I think it's a travesty that the Champ isn't fighting on this card, THE DADDY OF ALL CARDS AND MONSTROUS WEEKEND. Come on Dude, fix this. 

How bout, John/Me/Hix in our very first 3 way battle royale? 

Just a ridiculous but fun idea. I'll beat these two jabrones for my gold.

2015 been terrible for me, half my career losses this year. Gonna end this shit with a bang, son.


----------



## hixxy (Sep 7, 2007)

Ill defend against the highest scorer tonight at UfC195..


----------



## boatoar (May 14, 2010)

hixxy said:


> Ill defend against the highest scorer tonight at UfC195..


It just seems like a such a waste that the champ doesn't defend at THIS event. 

I'm shocked that no one is making a stink. I remember being champ and getting flack for not really wanting to defend at a brazil fight pass event where i'd heard of 3-4 out of 12 fighters.

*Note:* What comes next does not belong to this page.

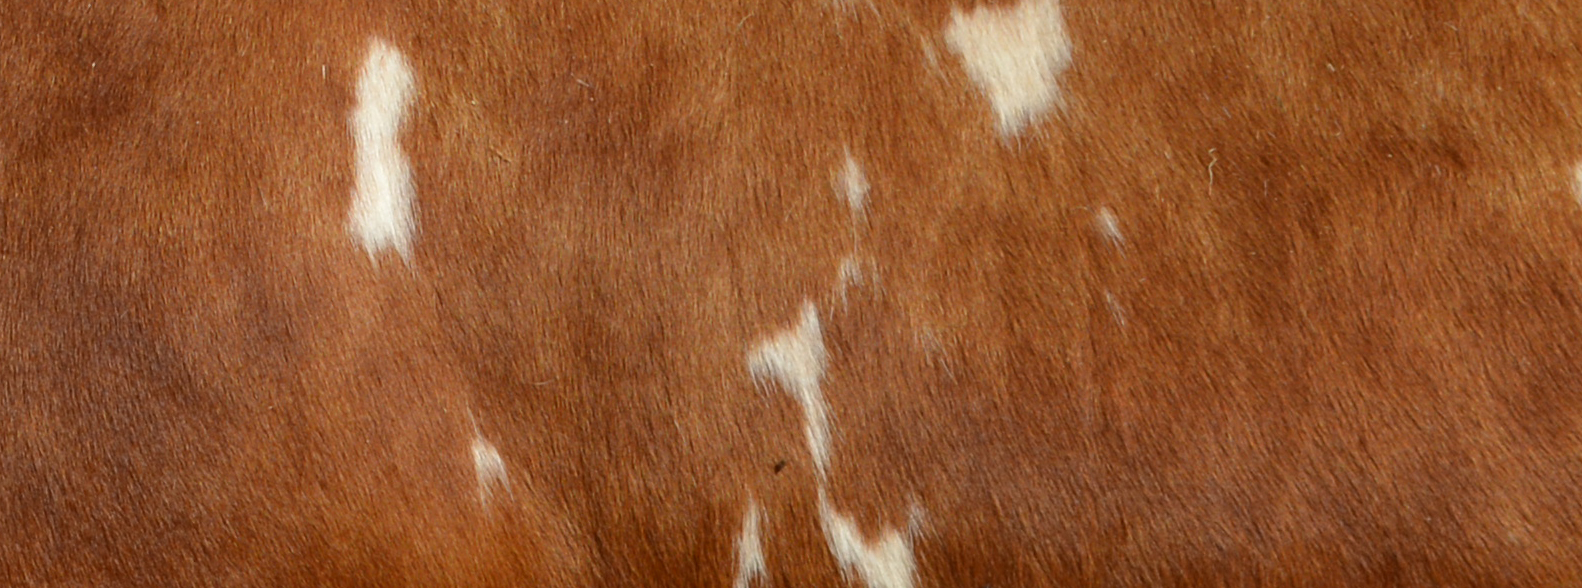 Pelage d'une vache ferrandaise barrée rouge

Noawadays you can skip over the biggest show of the year without so much as a pause from the rest of the competition. 

Incredible!


----------



## hixxy (Sep 7, 2007)

boatoar said:


> It just seems like a such a waste that the champ doesn't defend at THIS event.
> 
> I'm shocked that no one is making a stink. I remember being champ and getting flack for not really wanting to defend at a brazil fight pass event where i'd heard of 3-4 out of 12 fighters.
> 
> ...


You all had match ups.. Prelims have started now so its too late.


----------



## John8204 (May 13, 2010)

Sucks for AlphaDawg or Dudeabides



hixxy said:


> Ill defend against the highest scorer tonight at UfC195..


Next event is UFC on Fox


----------



## dudeabides (Sep 30, 2008)

Only the first fight has started so the other 11 could still be sent, but the other signup, AlphaDawg, didn't' sent picks either so I can just leave that matchup off since it was never even on the card for real with all the indecision. My opponent, Cupcake sent hers and I did too. Joab vs Bkn, Clyde vs Andrus, Liddell vs Killz and John vs boatoar is ready to go, the last pair being the only two fighters on the main card that didn't call out the opposition they're facing... thanks everybody!


----------



## AlphaDawg (Nov 16, 2009)

My bad! Just got home from work and didn't realize I got an opponent. Figured I signed up too late :sad02:. I'll sign up early now for the next event though.


----------



## hixxy (Sep 7, 2007)

I have no opponent? What do you want me to do?


----------



## dudeabides (Sep 30, 2008)

There are still more events to come if you guys don't want to be late pick senders, the next event is for the Fox show next week and the thread is :

http://www.mmaforum.com/championship-pick-em-league/223977-ufc-fox-17-championship-pick-em.html

there's also going to be another ppv thread 2 weeks after that show for 195.


----------



## hixxy (Sep 7, 2007)

Jocelyn Jones-Lybarger vs. Tecia Torres - Torres UD

Max Holloway vs. Jeremy Stephens - Holloway UD

Urijah Faber vs. Frankie Saenz - Faber UB 1

Yoel Romero vs. Ronaldo Souza - Souza SUB 3

Jose Aldo vs. Conor McGregor - Aldo UD

Chris Weidman vs. Luke Rockhold - Weidman TKO 4

Demian Maia vs. Gunnar Nelson - Maia UD

Warlley Alves vs. Colby Covington - Covington TKO 2

Kevin Lee vs. Leonardo Santos - Lee TKO 1

Magomed Mustafaev vs. Joe Proctor - Mustafaev UD

John Makdessi vs. Yancy Medeiros - Makdessi UD

Marcio Alexandre Jr. vs. Court McGee - McGee UD

Just threw this together. Theres my picks.


----------



## dudeabides (Sep 30, 2008)

So now you do want to be in the matchup against AlphaDawg who didn't send picks yet? Congrats on the win if you get one right :dunno:


----------



## hixxy (Sep 7, 2007)

dudeabides said:


> So now you do want to be in the matchup against AlphaDawg who didn't send picks yet? Congrats on the win if you get one right :dunno:


----------



## boatoar (May 14, 2010)

lol should be against you dude, not 'no pick sender'.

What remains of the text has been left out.